Coach's Challenges Are Coming To The NBA

By Matthew Geagan, CBS Boston

BOSTON (CBS) -- Brace yourselves, basketball fans. Coach's challenges are coming to the NBA.

The league's Board of Governors voted Tuesday to bring coach's challenges to the NBA on a one-year trail basis next season. Here are the guidelines that the NBA announced:

  • Each team is entitled to one challenge in the game (regardless of whether the challenge is successful).
  • A team can use its challenge in the following instances: a called personal foul charged to its own team; a called out-of-bounds violation; or a called goaltending or basket interference violation.
    -- A team can use its challenge on a called personal foul at any point in the game.
    -- In the last two minutes of the fourth period or the last two minutes of overtime, a called out-of-bounds violation or called goaltending/basket interference violation will not be challengeable and instead will be exclusively triggered by on-court referees.
  • To initiate a challenge, a team must immediately call a legal timeout and the head coach must immediately signal for a challenge by twirling his/her finger toward the referees.
  • If a team attempts to challenge an event with no remaining timeouts, the team is charged an excessive timeout, for which the penalty is a technical foul, and no challenge will take place.
  • If a team calls a timeout to challenge an event that may not be reviewed, the team will be charged a timeout but retain its challenge.
  • As with other replay reviews, in order to overturn the event as called on the floor, there must be clear and conclusive visual evidence that the call was incorrect.

There's some nice balance there. Yes, challenges will likely lead to an extra stoppage or two each night, but at least we get to watch NBA coaches waive their finger at referees. Depending on the call they're challenging, which finger they choose to waive could change and provide some priceless results.

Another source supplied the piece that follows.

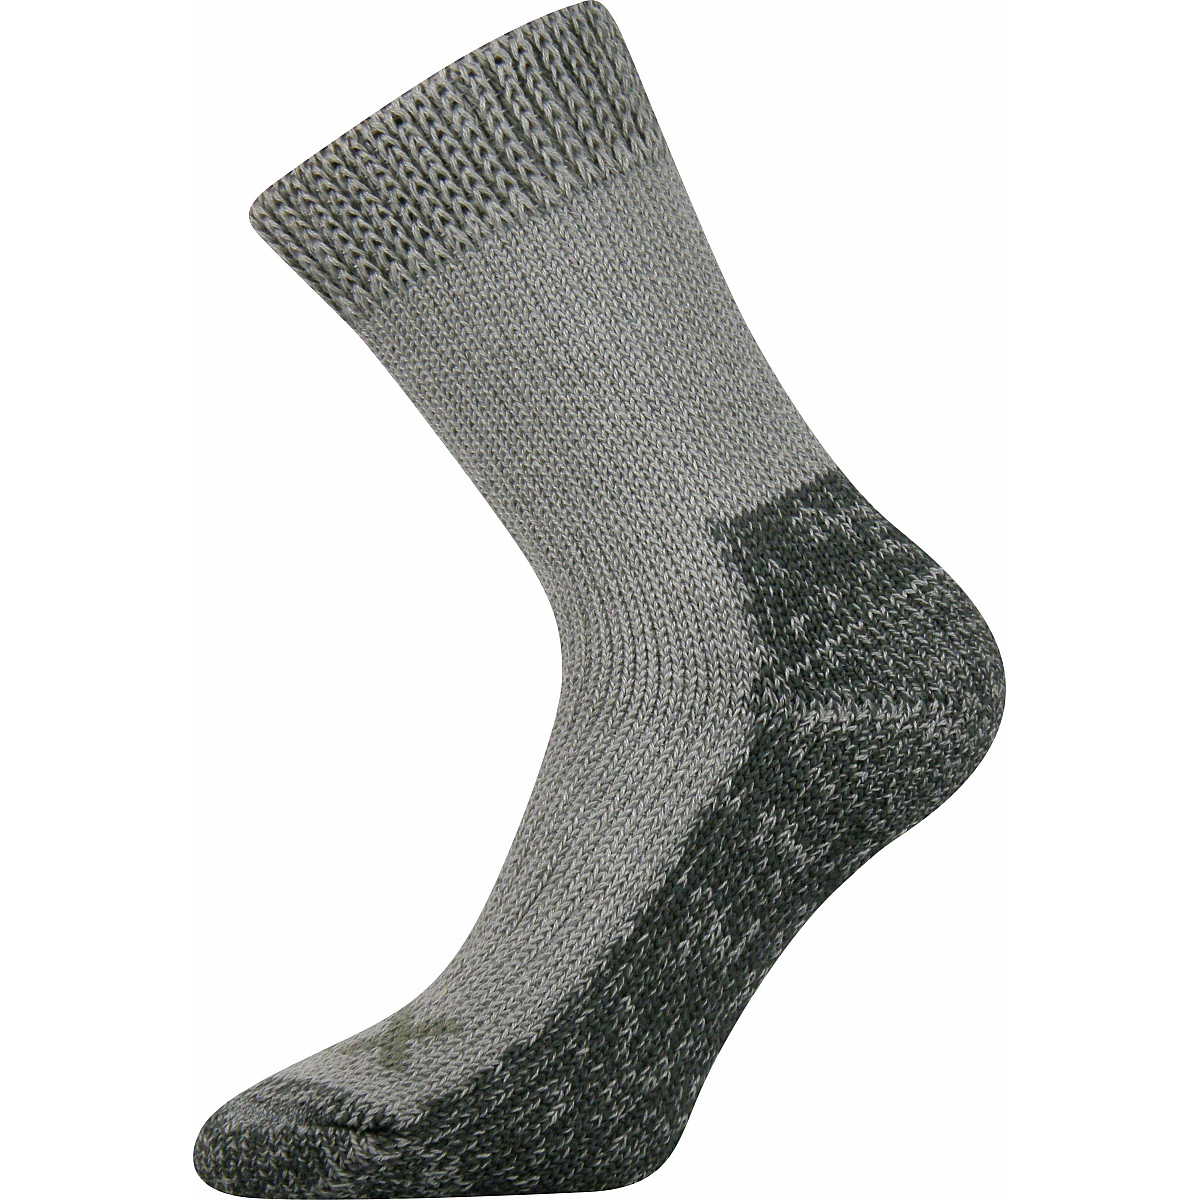 Extra teplé vlněné ponožky Voxx Alpin - světle šedé, 43-46

Challenging subjective foul calls could get interesting real quick.

The biggest point is that teams only get one challenge per game regardless if they win the challenge or not. There is no penalty for losing a challenge, but it will cost the timeout that the team had to call to signal the challenge. That lost timeout could prove to be big later in games.

This isn't something the NBA is just throwing out there. They began testing coach's challenges during last year's Las Vegas Summer League and have carried it into this year's summer slate, and it has been in the G League the past two seasons. Now they're ready for a trial run in the NBA.

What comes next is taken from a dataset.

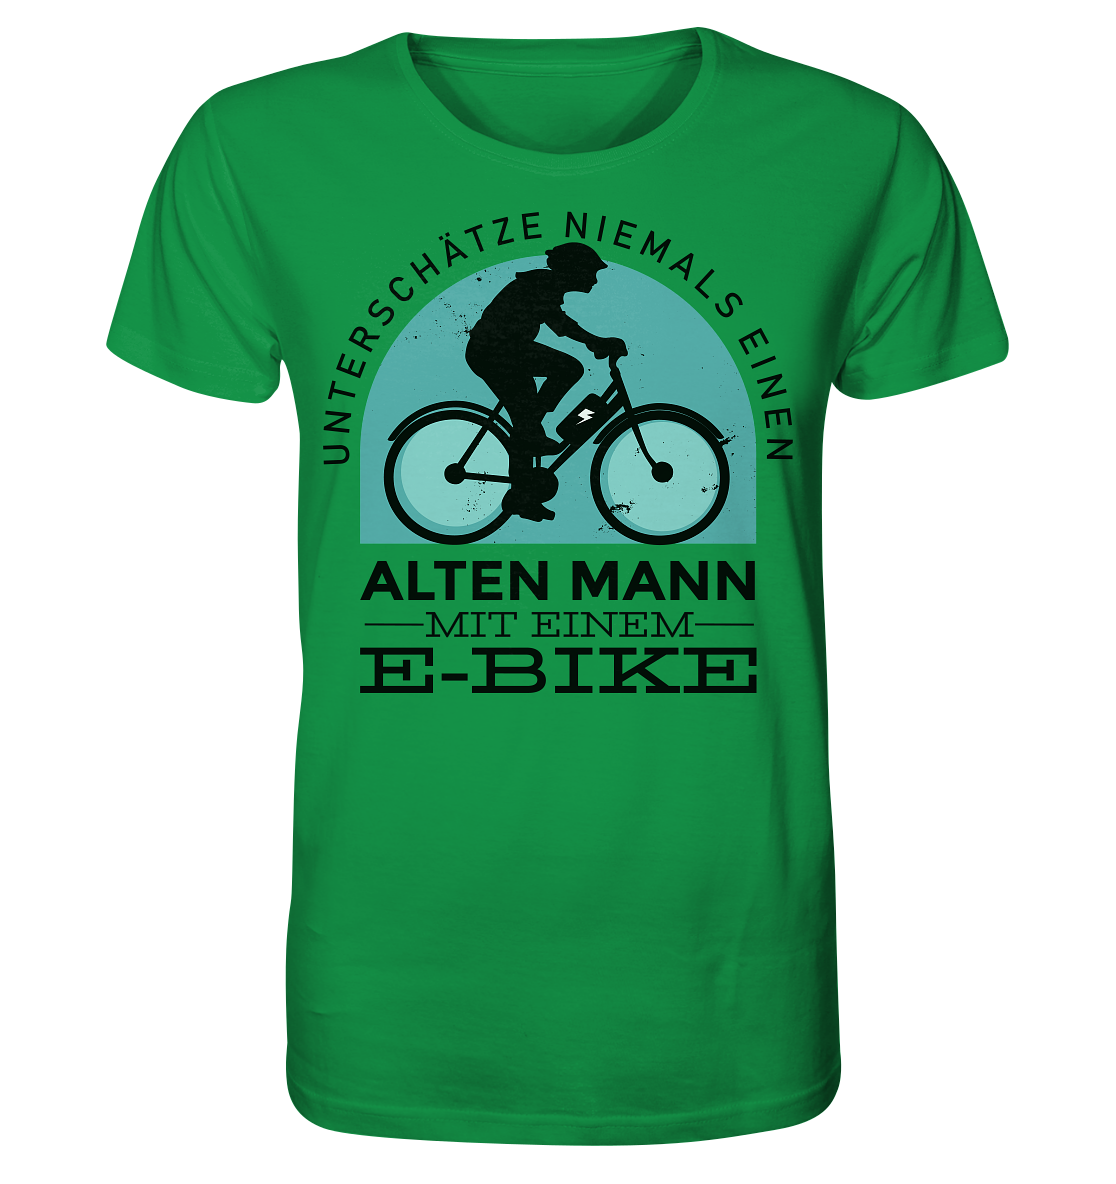 Alten Mann mit einem E-Bike - Organic Shirt

And if you're worried that these new challenges will slow the game, well, yeah, they probably will. To try to help combat that, the NBA also implemented another change that allows the NBA Replay Center to trigger replays in the first 46 minutes of a game. A new "courtside administrator" will be at each arena's scoring table to expedite the communication between the NBA Replay Center and the on-court referees, which should help speed up in-game reviews.

There will be bumps along the way as coaches and the league figure out these new challenges. Coaches will have to make their challenge decision pretty quickly, and with just one, they'll have to weigh challenging a truly egregious call early or saving their challenge for later in the game. And if all of this goes terribly throughout the season, the NBA can always scrap it after the season.

It will likely become what challenges are in every other league, causing more headaches than corrected calls. But if this change brings the imagery of Greg Popovich, Doc Rivers and others twirling their finger at refs, it's worth a shot.